Step 6: Check ResultsIntermediate6 min read

Step 6: Check Results - What Good Looks Like

By Art Smalley

What Good Looks Like (and Common Pitfalls)

Introduction – Proof Over Perception

Checking results is deceptively simple: look at the data and decide if the goal was met. In practice, it’s far more nuanced. Step 6 is not about confirming that we did something; it’s about confirming that what we did worked.

When this step is handled well, it strengthens confidence in the logic of the entire problem-solving sequence. When it’s handled poorly, it breeds illusion—activity mistaken for achievement, appearance mistaken for reality.

True checking closes the scientific loop. It tests whether our understanding of the problem, the verified causes, and the chosen countermeasures were correct. The evidence must stand up to scrutiny—quantitative, repeatable, and logically connected to the target condition defined back in Step 3.

Unfortunately, many teams stumble here. The following are the most common pitfalls—and what “good” checking actually looks like when done with discipline.


1 – Checking Implementation Instead of Impact

This is the most frequent error. Teams proudly report that every countermeasure was implemented: new standardized work posted, operators trained, 5S audits completed.
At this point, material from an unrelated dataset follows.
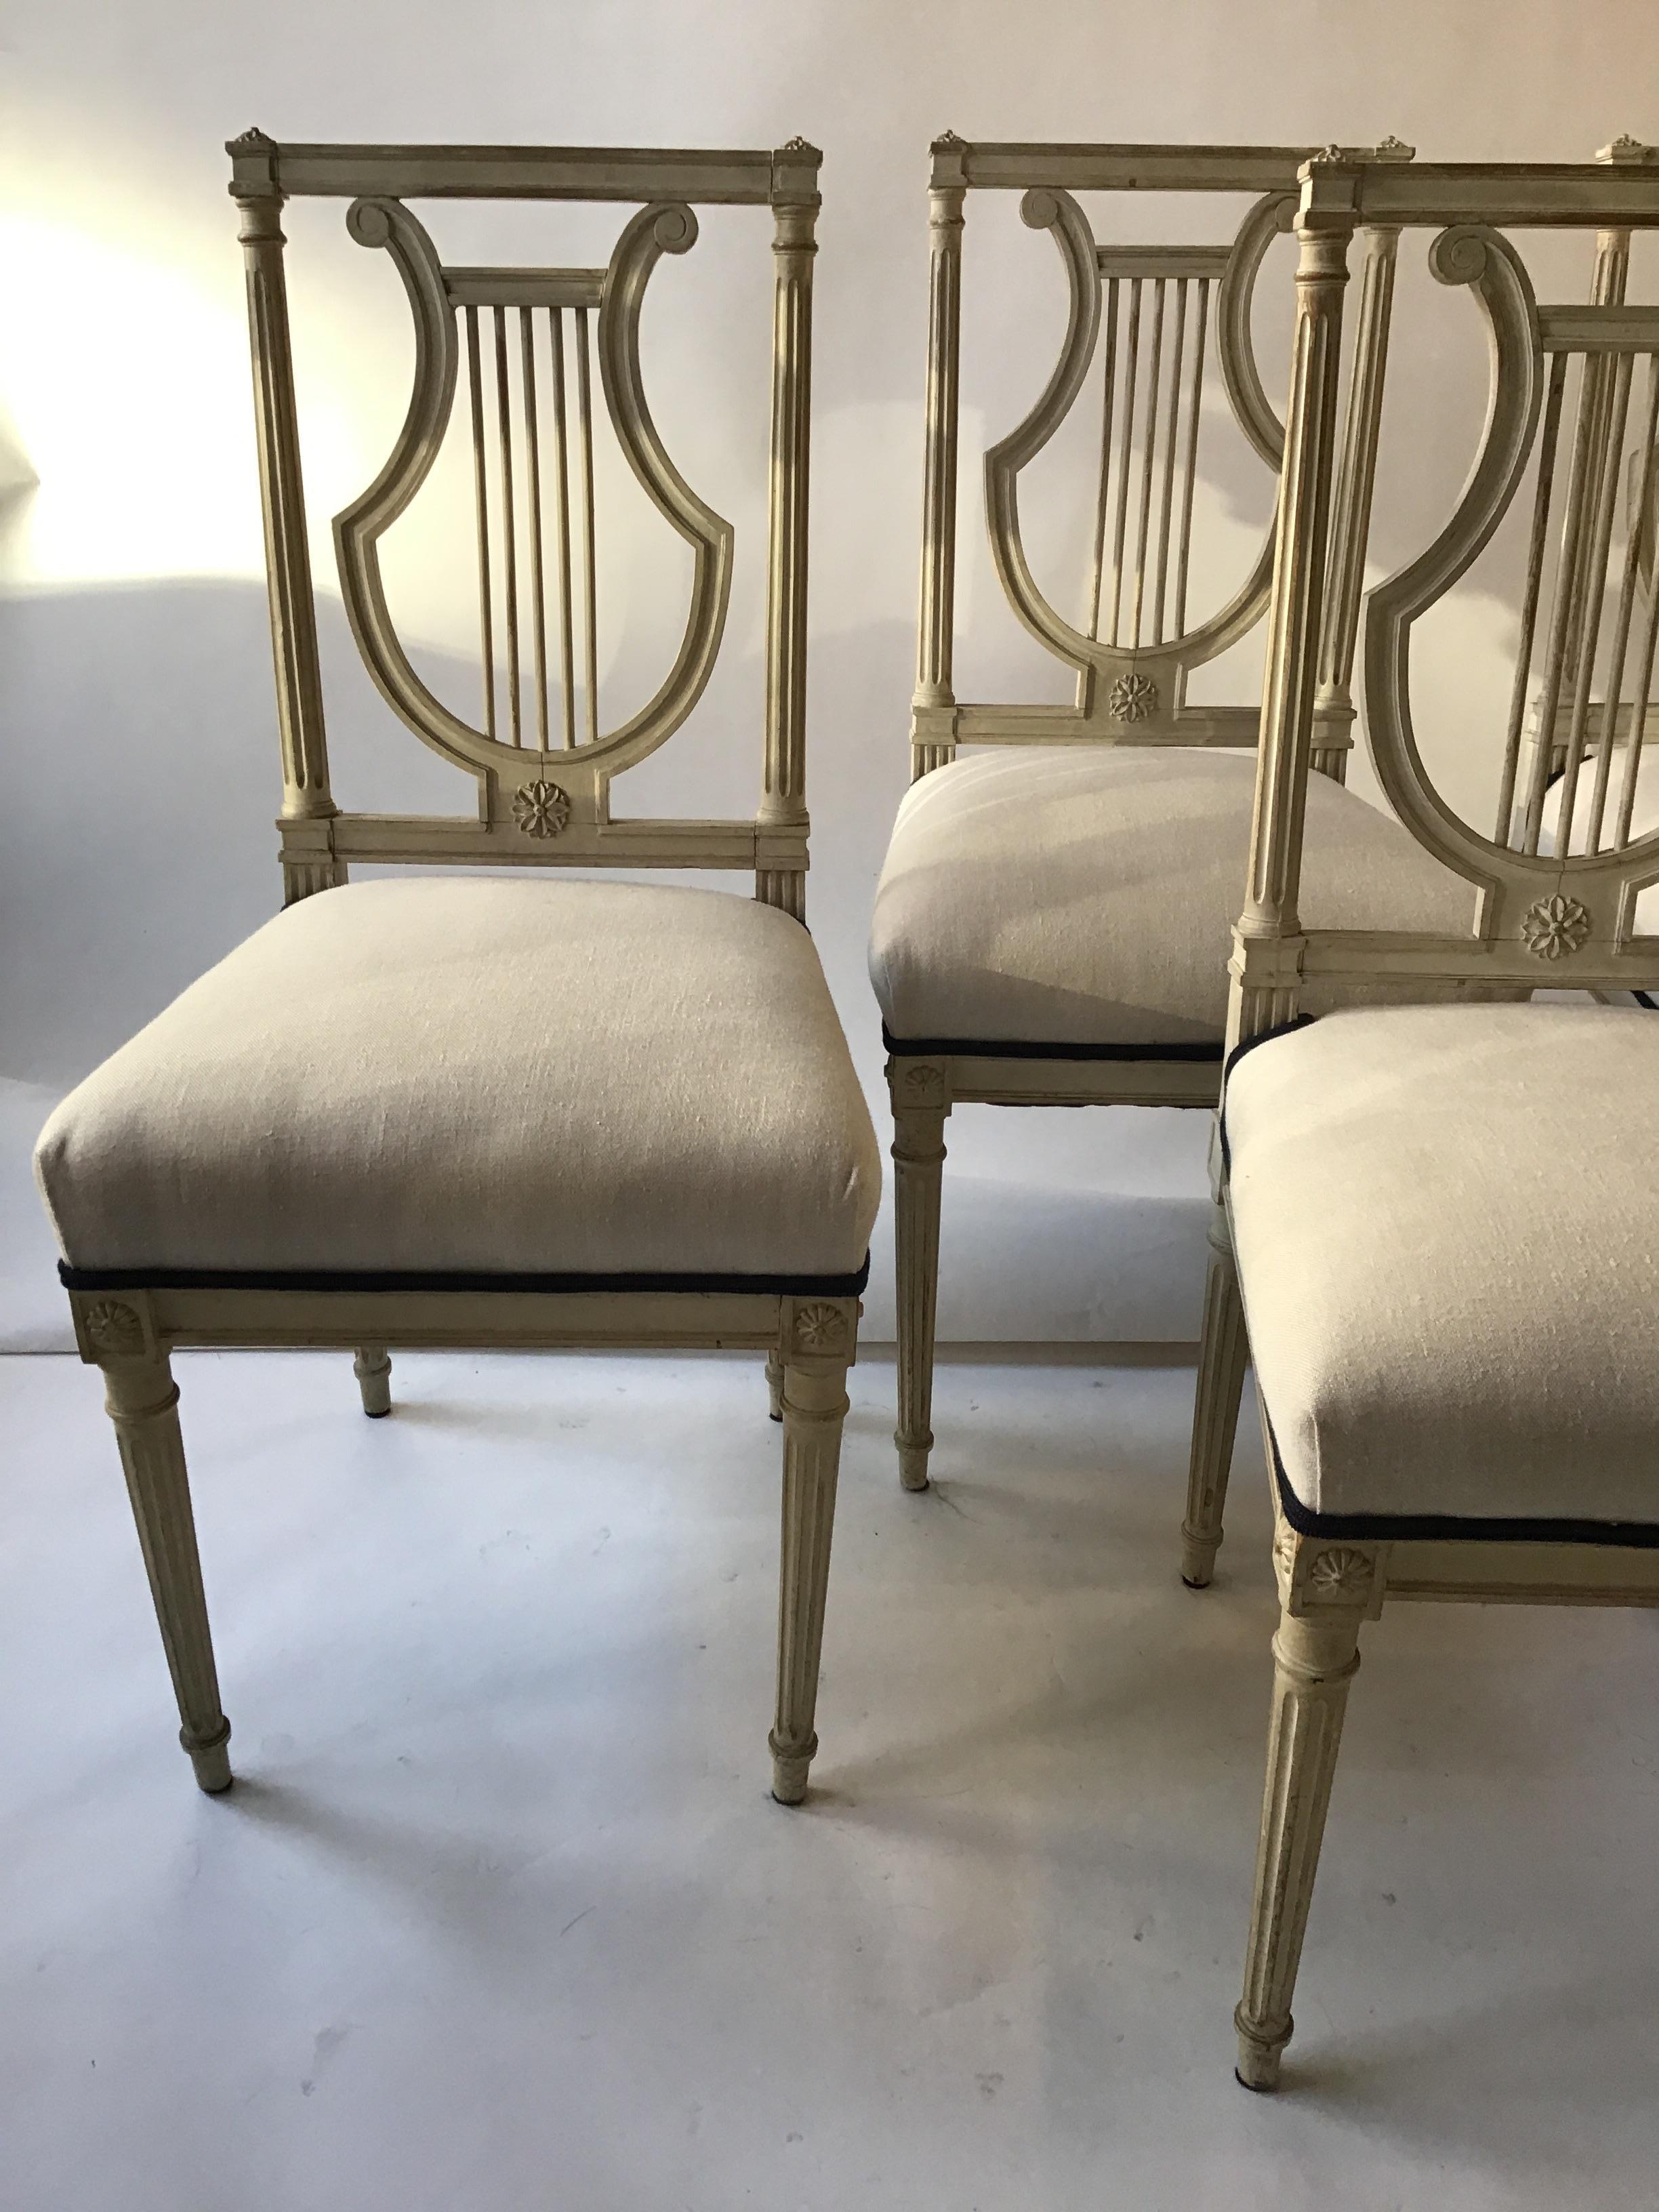 4 French 1950s lyre back side chairs with Louis XVI leg, painted white. Upholstered a few years back.

Yet none of these show whether productivity, quality, or safety truly improved.

Having a goal to raise productivity in pieces per hour and then “checking” audit scores is a logical mismatch. Implementation is necessary—but it is not verification.

Good practice:
Re-state the original target metric before beginning Step 6. Measure the same parameter, in the same units, over a comparable period. A valid check asks, “Did output per hour actually rise, and is it stable?”


2 – Changing or Diluting the Metric

A close cousin of the first error is subtly altering the measurement definition. The team produces a Pareto chart of defect causes “before” and another “after,” and declares victory. But if the mix, volume, or time base changed, those charts may tell a false story.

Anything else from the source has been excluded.